Friday, February 5, 2010

Abe Comes In From the Cold.


I work in a department which traffics in a handful of adjuncts. About 25% of our classes are taught by a rotating pool of part-timers, most of them barely post-grad, on the job market, young, and quite willing to take the 7:30 am and 6:00 pm classes that nobody else wants.

Of these, I've met only a couple; our hours usually don't intersect.

But, Abraham, I've met Abraham. Abe, he tells me to call him.

Abe teaches at 9 am, 1 pm, and 6 pm. All on the same day. He lives a good distance from SodaPop College, so ends up spending about 10-11 hours on campus each day. He's always in good spirits, a little older than the rest of the part-timers, and he is thankfully one academic I can talk to about sports. (Oh, dear, that's another topic for another day.)

Anyway, I saw Abe a couple of days disappear down a hidden hallway, pitch black, and open a squeaky door that led to stairs going down. The mystery was too much and when I saw him an hour or two later I asked him where he was headed.

"My office," he said.

He motioned for me to follow and down we went together.

He opened a heavy blue door into an open room, tiled with bathroom tile from floor to ceiling. Closed off spigots hung at about head height all around the place. A large drain in the center of the room was covered with a piece of awful looking plywood - it was once painted brown - I hope. Six metal desks, the kind you'd see in a movie set in a 1930s newspaper office, ringed the room, each one comically poised under the closed off shower heads. It was an old shower room. And the lights! Giant silver cowled things that were at least 12 feet above our heads. Bulbs bright enough up there, I suppose, but only a ghostly pall fell on us and the surfaces of the desks.
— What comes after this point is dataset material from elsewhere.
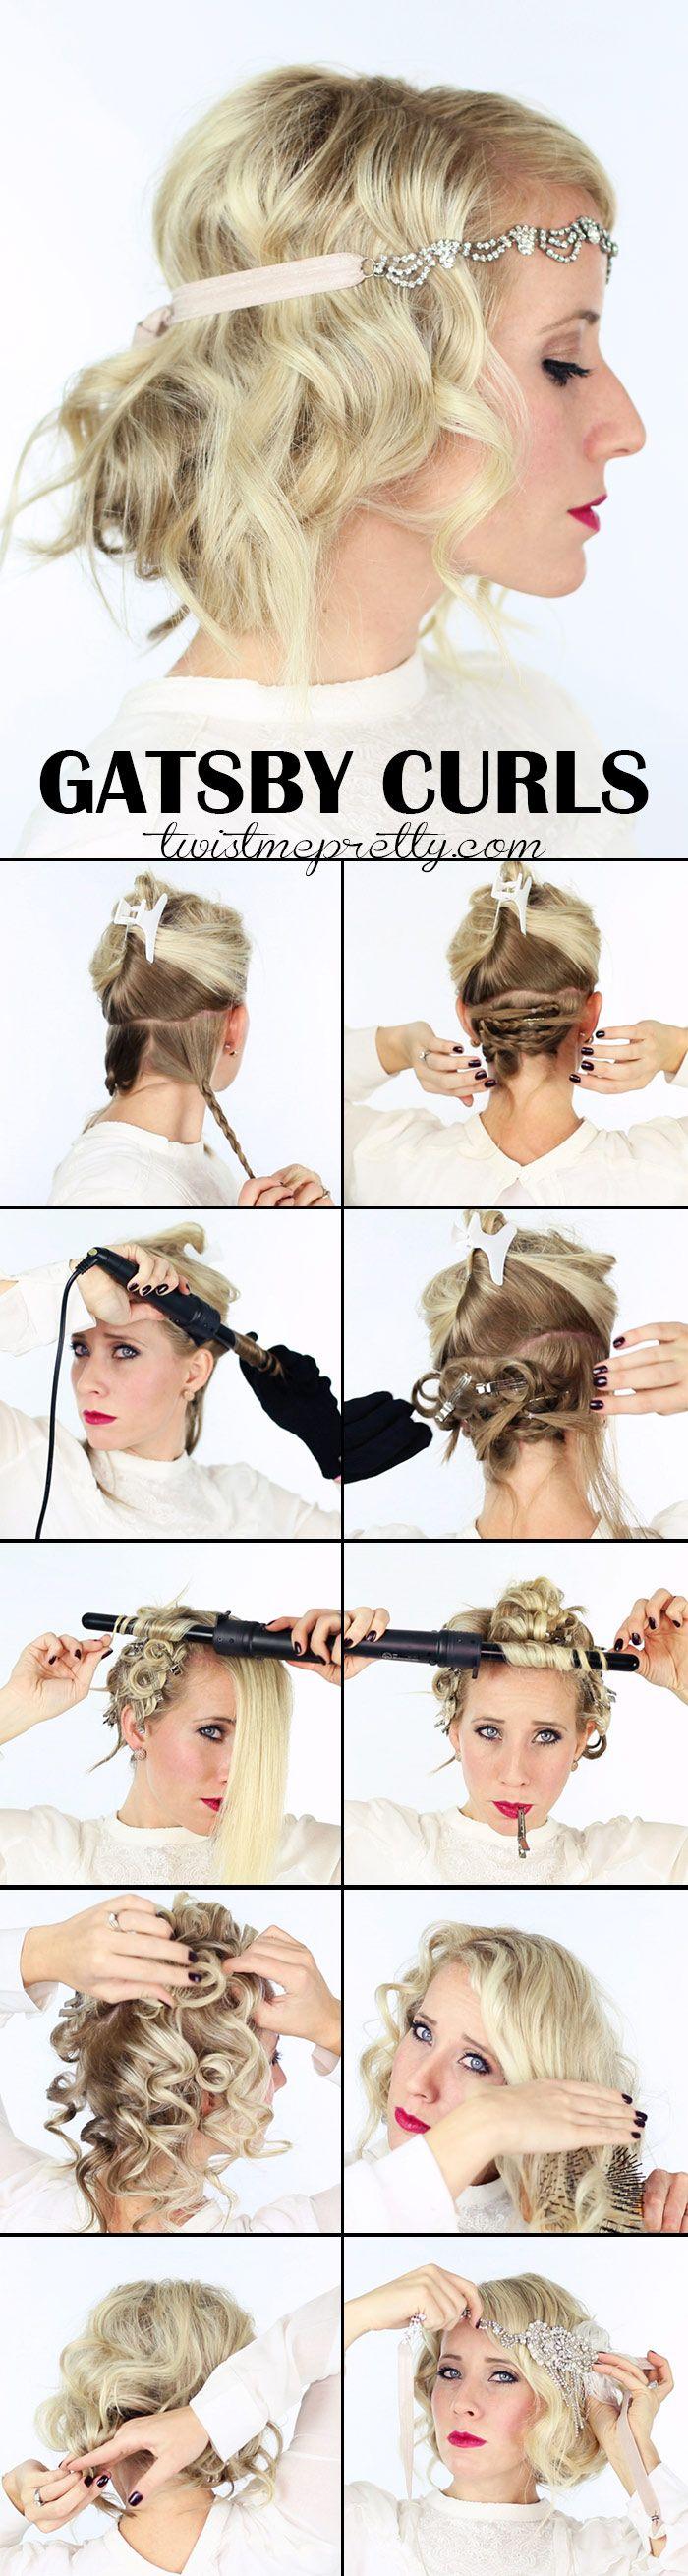 2 Gorgeous Gatsby Hairstyles For Halloween Or A Wedding Twist Me Pretty Vintage Wedding Hair Hair Styles Vintage Hairstyles

I don't know if you've ever been in an old shower room, one that likely washed thousands of soiled bodies over decades. But perhaps you can imagine the smell. Think a YMCA before the invention of disinfectant.

And it was cold. I don't mean chilly, or "let me put my sweater on." It was bone chilling cold. You could keep dairy products here year round.

Abe sat at his desk and I pulled up a chair. He didn't know the history of the shower, or when it went out of its original use, or for how long part-timers had resided there. He popped open his cooler which he transported 2 meals in every day.

"Look, no ice," he said. "It's cold enough in here I don't have to worry anything's going to spoil."

Later that day I was at the Buildings office trying to make a copy of my office key. I had to argue and fight for 10 minutes with someone before I offered to get someone in the Dean's office on the horn. The kid made me an extra key, one for Abe.

Today, after my office hours end at 11 am, Abe is going to take over my office. It's a pleasant and airy room with windows that open, and fresh breezes that pour in off of SodaPop Bay. There are nice chairs, a decent collection of books, and - he doesn't know it yet - a mini fridge under the desk.

I can't do anything about what the college pays Abe, or his schedule. But I can bring him in from the cold for part of his day.